Diverse actions can address climate change in urban forest management while recognizing the fundamentally interconnected nature of human health and wellbeing.

Urban areas can be particularly vulnerable to climate change due to extensive impervious cover, increased pollution, greater human population densities, and a concentration of built structures that intensify impacts from urban heat, drought, and extreme weather. Urban residents are at risk from a variety of climate stressors, which can cause both physical and mental harm.

Urban forests and tree cover provide a critical role in helping cities address climate change by supporting greenhouse gas mitigation, reducing the impacts of extreme heat and altered climate that impair human health, and helping communities to adaptively respond through engagement with nature. At the same time, urban forests are vulnerable to changes in climate and in need of robust strategies to adapt to those changes.

Effects from Climate Change

Climate change will affect urban areas as they experience:

  • Warmer temperatures and more days with extreme heat
  • Fewer days with extreme cold
  • Altered precipitation creating wetter conditions in some seasons
  • More frequent heavy precipitation events
  • Elevated risk of drought or aridification
  • Increases in carbon dioxide, a greenhouse gas

woman on a bench in a forested urban park

Adaptation in Action

The Urban Forests and Human Health Adaptation Menu presents information and ideas for optimizing the climate and human health outcomes of urban forestry projects and provides professionals who are working at the intersection of climate, public health, and urban forestry with resources to support climate adaptation planning and activities.

This menu synthesizes adaptation actions to address climate change in urban forest management and promote human health and wellbeing through nature-based solutions.
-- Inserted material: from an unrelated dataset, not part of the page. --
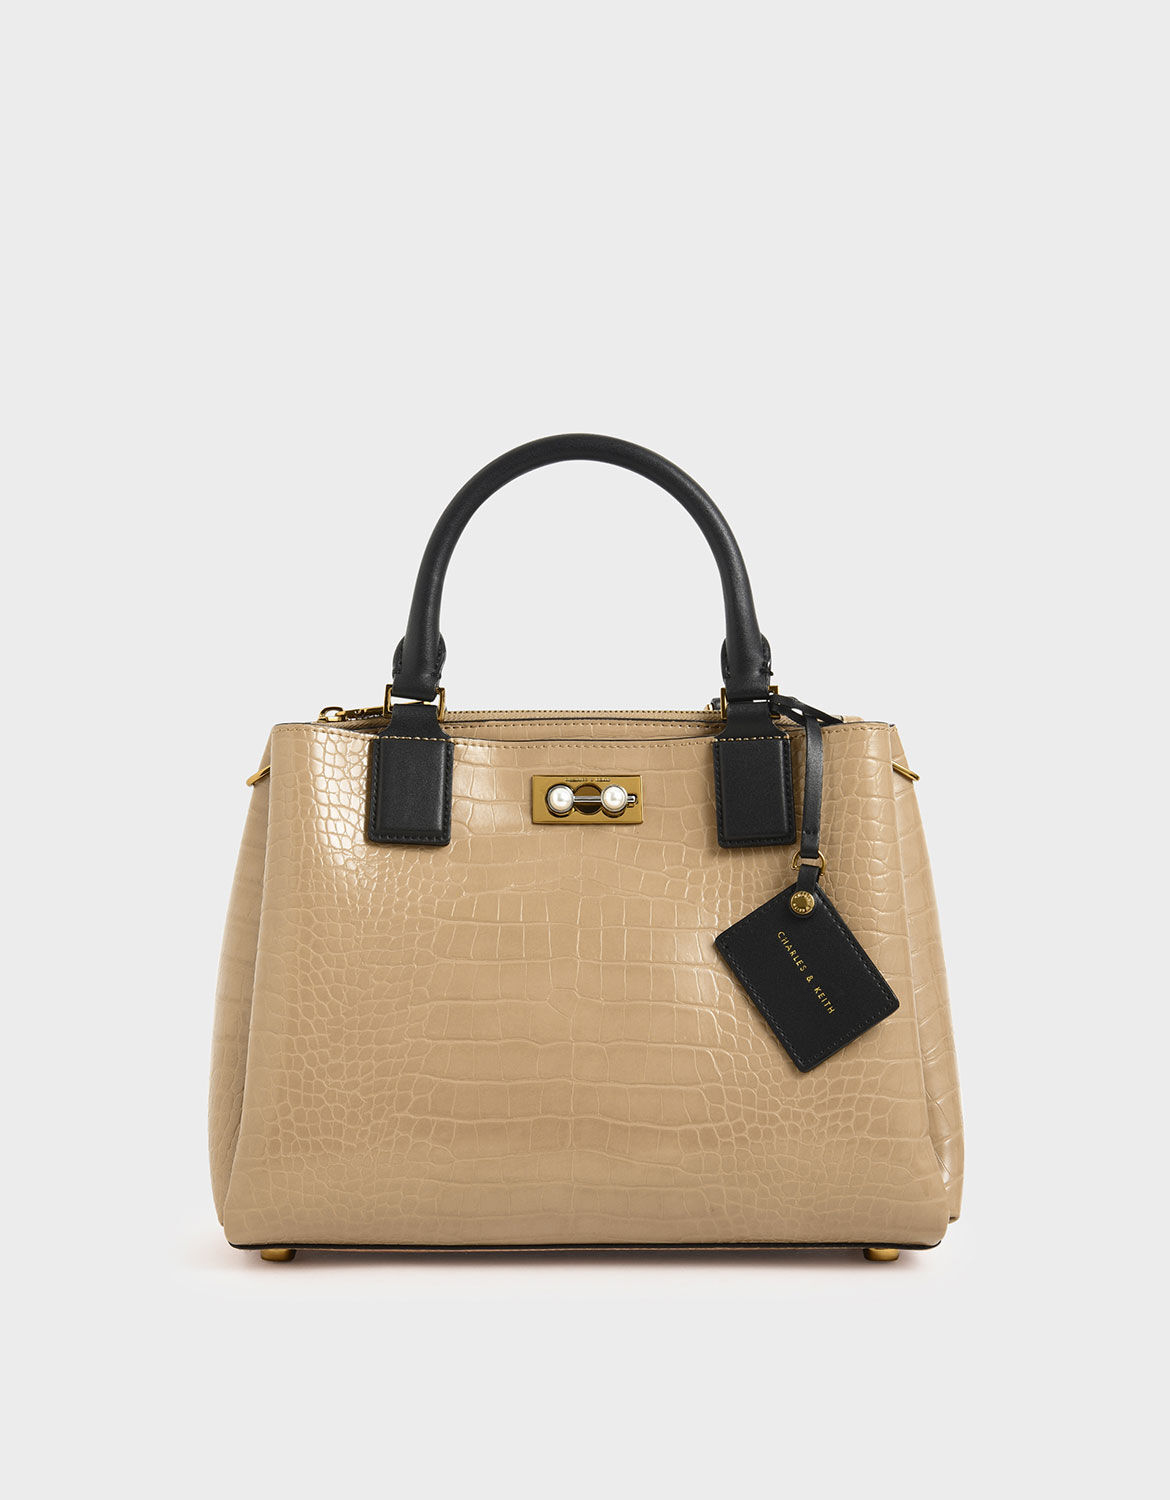 structured handbag charles and keith

It compiles and organizes information from a wide range of peer-reviewed research and evidence-based reports on climate change adaptation, urban forest management, carbon sequestration and storage, and human health response to urban nature.
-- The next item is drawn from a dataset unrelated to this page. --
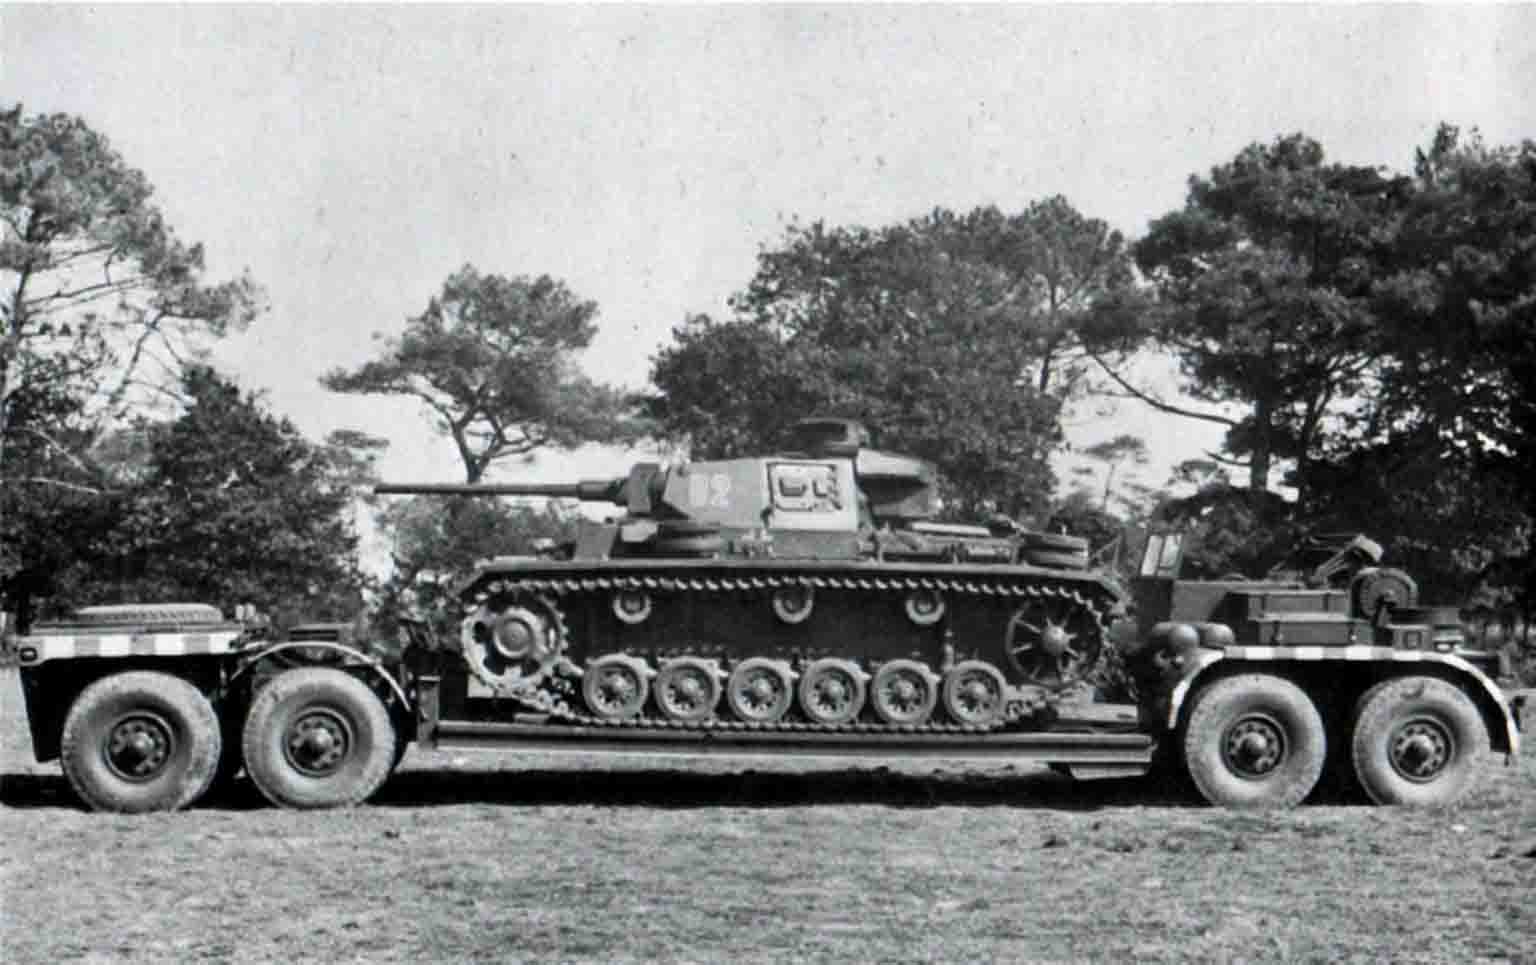 PzKpfw III Ausf. L

The Urban Forests and Human Health Adaptation menu is designed to be used as a stand-alone resource, and it can also be used to supplement structured adaptation planning with the Adaptation Workbook process (published in Forest Adaptation Resources: Climate Change Tools and Approaches for Land Managers).

Download the full menu

Strategies and approaches

The 9 strategies, 34 approaches, and 100+ example tactics were developed through an assessment of existing adaptation tools, focus group discussions, and workshops with natural resource professionals.

Adaptation strategies are very general and can be applied in many ways across different ecosystems and cultural contexts. Adaptation approaches are more specific, describing in greater detail how strategies could be put into practice.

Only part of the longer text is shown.